First-order logic is a framework in which one can only quantify over elements of the universe. In second-order logic one is allowed to quantify over subsets of the universe.

For example, the axiom schema of induction in Peano axioms is a schema in which for every formula we add a first-order axiom talk about this formula. However if one allows second-order axioms the schema shrinks into one axiom, namely "If $A$ is an inductive set, then $A=\mathbb N$".

In the first formulation for every formula which can be used to define a set we say that if the set it defines has inductive properties then it is indeed everything; on the second-order axiom we are allowed to quantify over subsets of the universe so we say that every subset which has this property has got to be equal to $\mathbb N$.

Many-sorted logic is a logic in which we distinct between several types of elements in our universe. For example set theory with atoms, which allows non-set objects in the universe. In this language there are predicates to indicate whether an object is a set or an atom. It cannot be both.
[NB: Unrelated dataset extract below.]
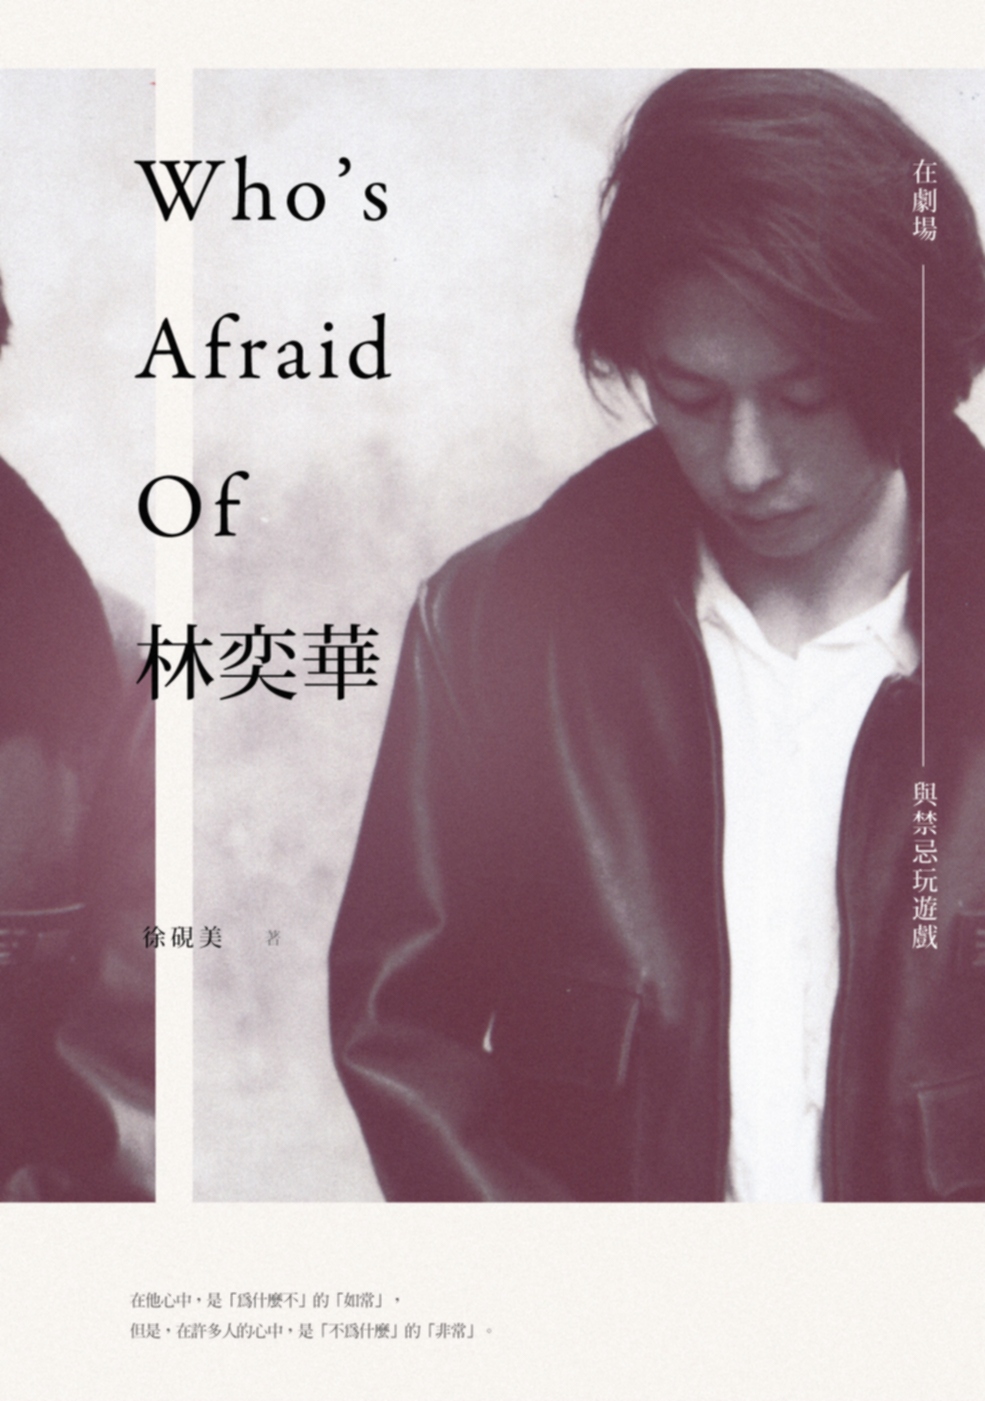 Who’s Afraid of ...

Second-order theories can be made into first-order theory by expanding the universe to include sets, and adding a distinction between the elements of the original universe and sets. Now quantification over "every set such that ..." is again first-order since those sets are elements of the universe.

ZFC is a first-order logic theory, it allows only to quantify over elements of the universe. It is also one-sorted since there is only one type of elements in a universe of ZFC, namely sets.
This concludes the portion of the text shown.